Barcelona is the home of imm Sound, a Spanish startup which announced the development of their “immersive” 3D cinema soundtrack format in 2010. Purely object-based, imm Sound uses a workstation on the mixing stage to encode the individual sound objects so they can be reproduced in different sized auditoriums with a different number of loudspeakers while still achieving the best possible creative intent.

As of CineEurope 2012, imm Sound had approximately 40 installations around the globe, and a short list of upcoming titles. Dolby acquired imm Sound this past July after they found imm Sound had compatible engineering work in progress which could be used to speed the adoption of their new format, Dolby Atmos.

Dolby Atmos
Dolby announced their new audio technology and brand at CinemaCon 2012 in a top-notch marketing blitz. Quietly in development for several years, Dolby’s Atmos is a hybrid approach, seemingly to combine the best aspects of both channel-based and object-based soundtrack mixes. Working closely with industry sound designers and recording engineers, Dolby found that the channel-based approach works better with certain sounds, such as “beds” of ambiances and background effects, while the object-based approach lends itself well to discrete sound effects that require point-to-point movement.

During post-production, Dolby Atmos works with the existing mixing tools preferred by the creative team along with new Dolby-supplied hardware to create a master soundtrack file that contains all of the audio essence and artistic intent. This file is later embedded within a single DCP (which also contains standard PCM 5.1 and 7.1), which is rendered in during playback in a way that is creatively correct (i.e., as close as possible to the sound approved during the mix) but independent of channel count or loudspeaker locations.

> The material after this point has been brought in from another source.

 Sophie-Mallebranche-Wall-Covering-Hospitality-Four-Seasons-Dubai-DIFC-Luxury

In the cinema, the Dolby Atmos decoder uses pre-set information about the existing auditorium’s loudspeaker layout and capabilities to determine how to best reproduce the soundtrack for that particular auditorium. Dolby has produced guidelines advising exhibitors and installers how to best optimize the number and position of new loudspeakers for individual auditoriums.

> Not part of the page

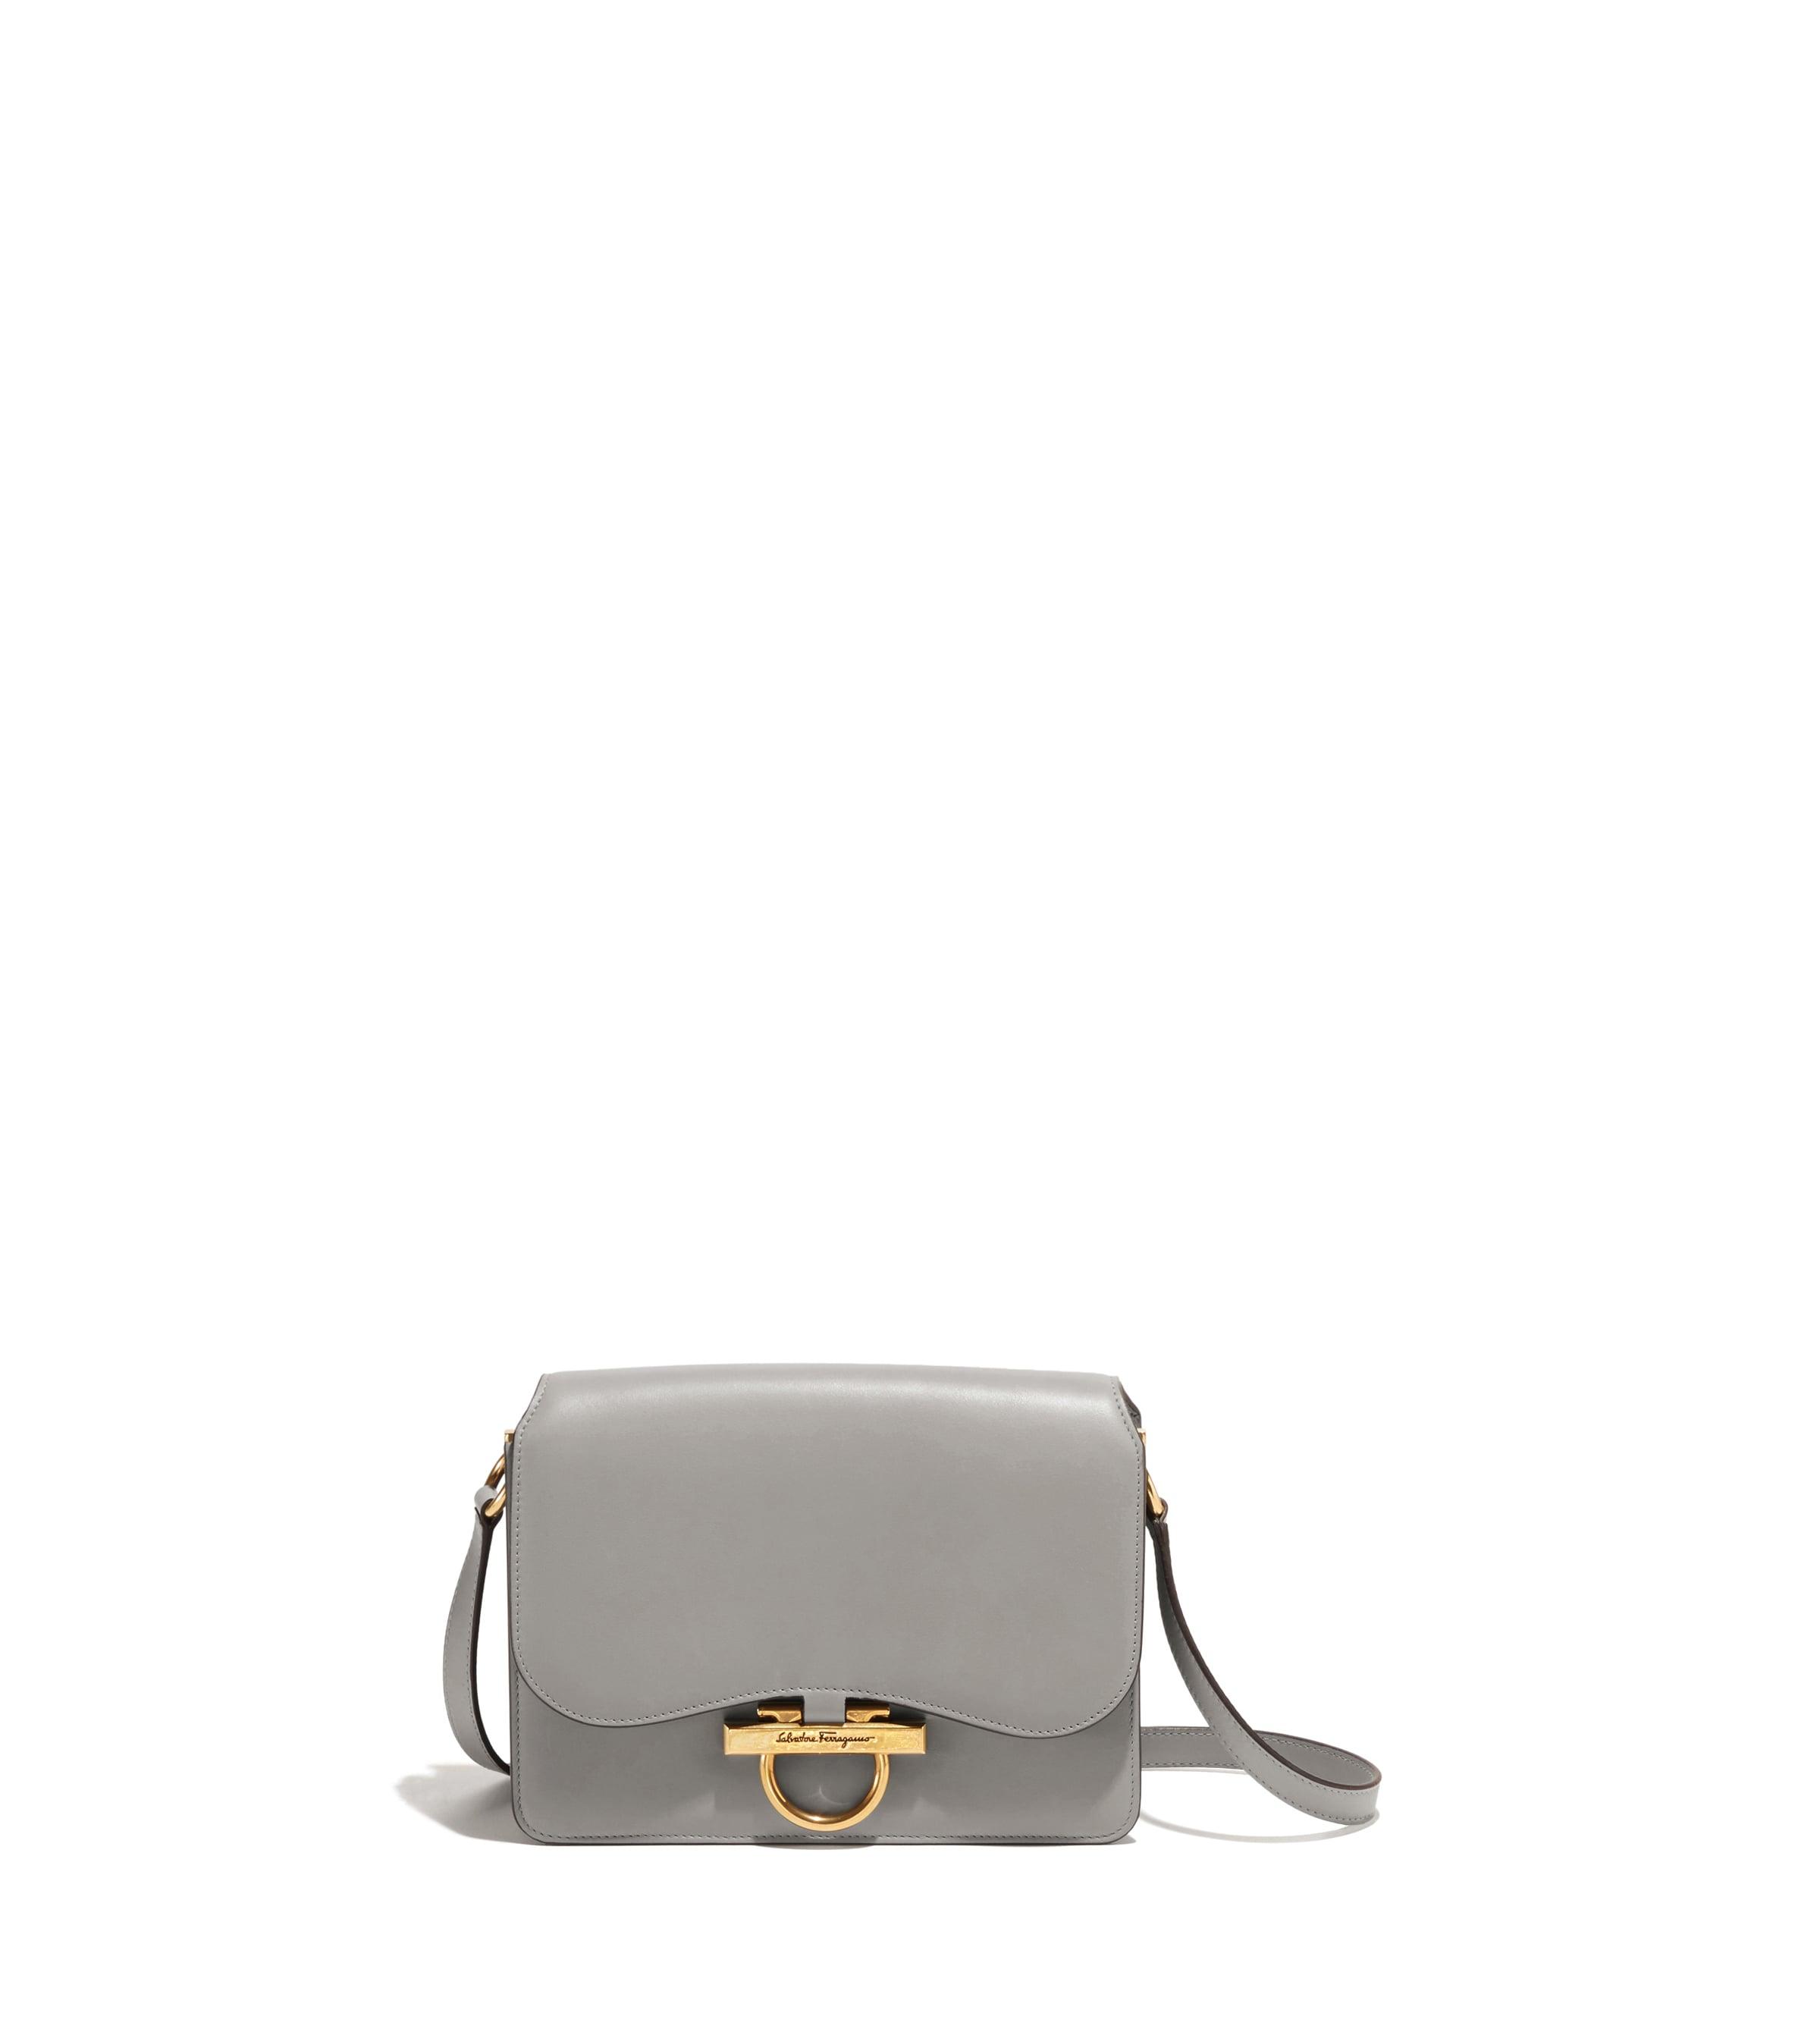 Gancini flap bag - Crossbody bags - Handbags - Women - Salvatore Ferragamo EU

On a technical level, the Dolby Atmos format is scalable up to 128 channels, although practical installations will use considerably fewer channels depending on the particular auditorium. The audio coding is uncompressed, using 24-bit 96-kHz samples, considered the gold standard by recording engineers.

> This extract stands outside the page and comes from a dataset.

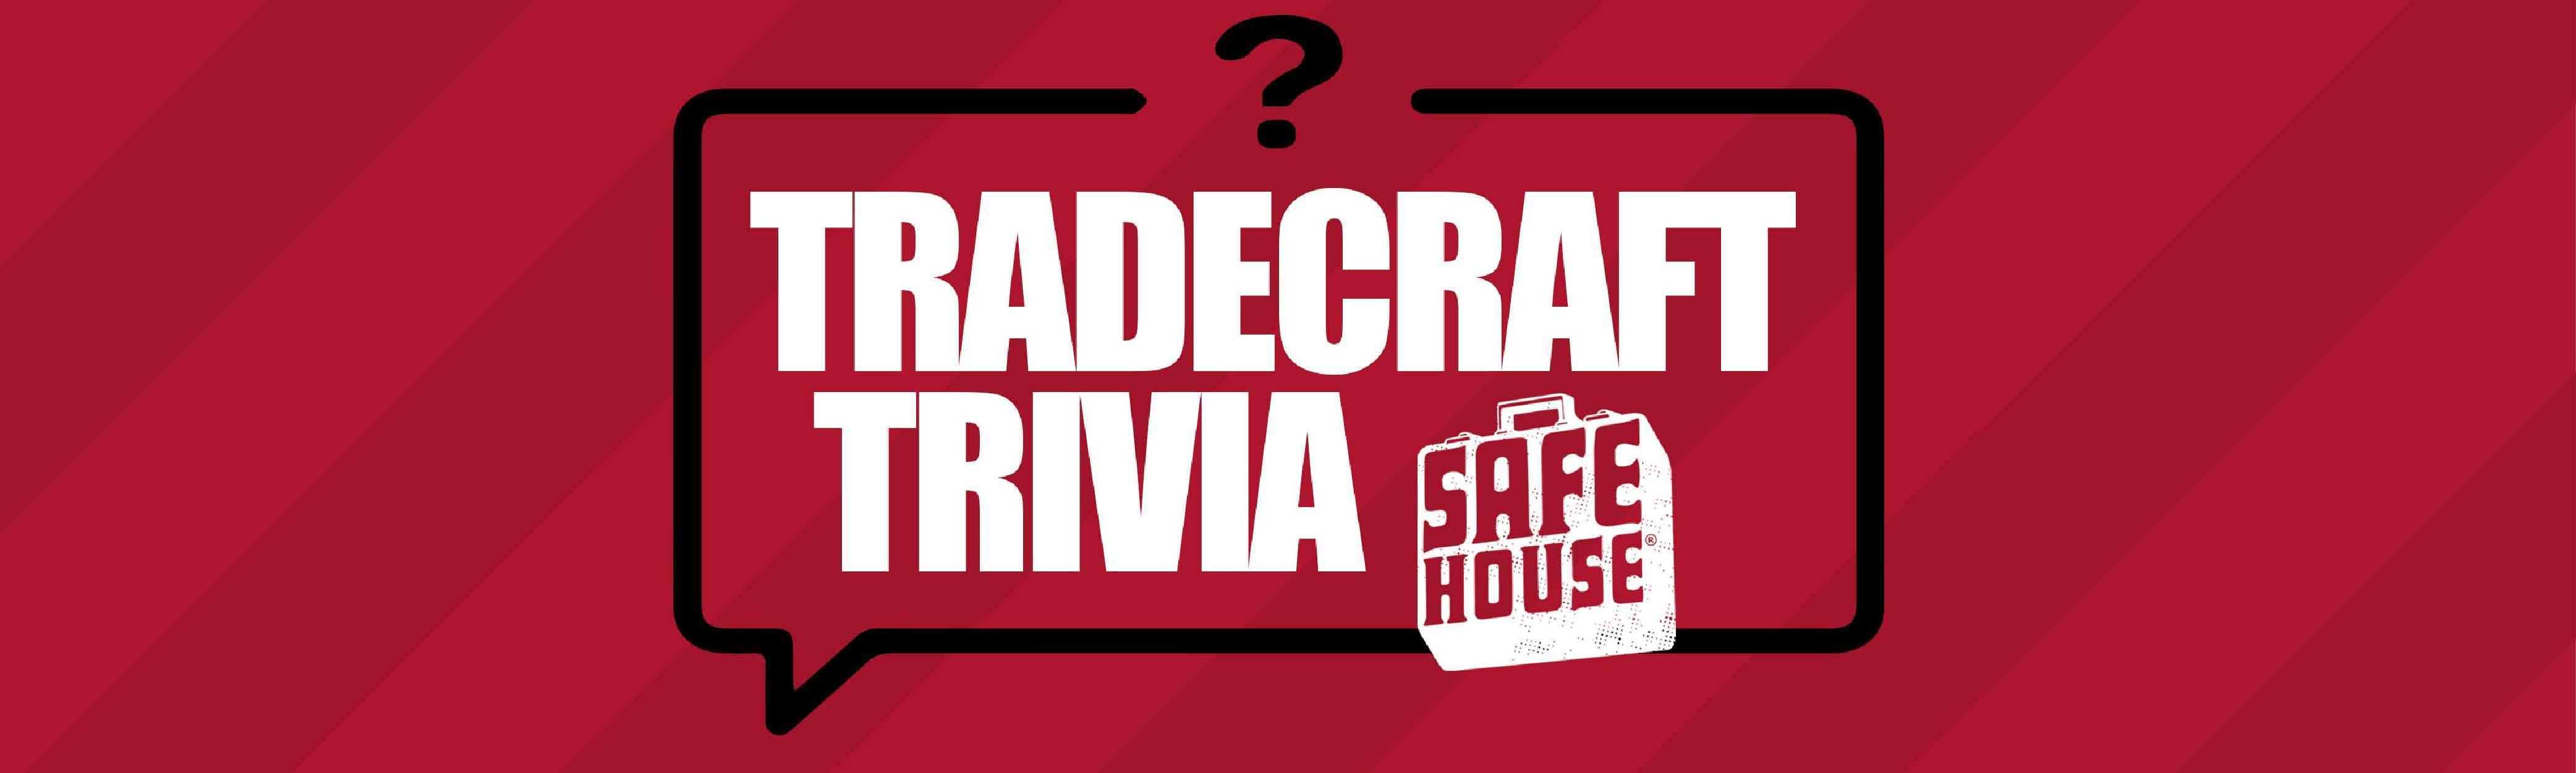 Tradecraft Trivia

Dolby has chosen not to label Atmos as “3D sound” for several reasons. First, it can be argued that cinema sound loosely had the 3D equivalent ever since the introduction of the behind-the-listener surrounds in the 1950s. Second, Dolby sees the benefits of Atmos extending to all titles and wants to avoid the impression that its benefits are limited to 3D releases.

Dolby rolled out Atmos to the public in approximately 15 theatres for the opening of Disney and Pixar’s Brave in June using pre-production equipment, and plans to release details on how Dolby Atmos will be implemented in their lineup of cinema processors in the future. While going slow and steady through the development cycle, once their cinema-grade equipment is ready, Dolby expects the number of Dolby Atmos titles and installations to accelerate rapidly in 2013.

With the new soundtrack formats from Dolby, Barco, Iosono and potentially others, coupled with the ongoing advancements in digital projection such as high frame rates, and laser illumination, the industry will have plenty of new items on the list to stay aware of. Fortunately, at least with sound, the rollout timeline for the technology previews we are seeing today will give exhibitors the opportunity to evaluate each and carefully decide if, and when, to upgrade their sound. As always, with sound, it’s most important for us to pause, learn and, most importantly, listen.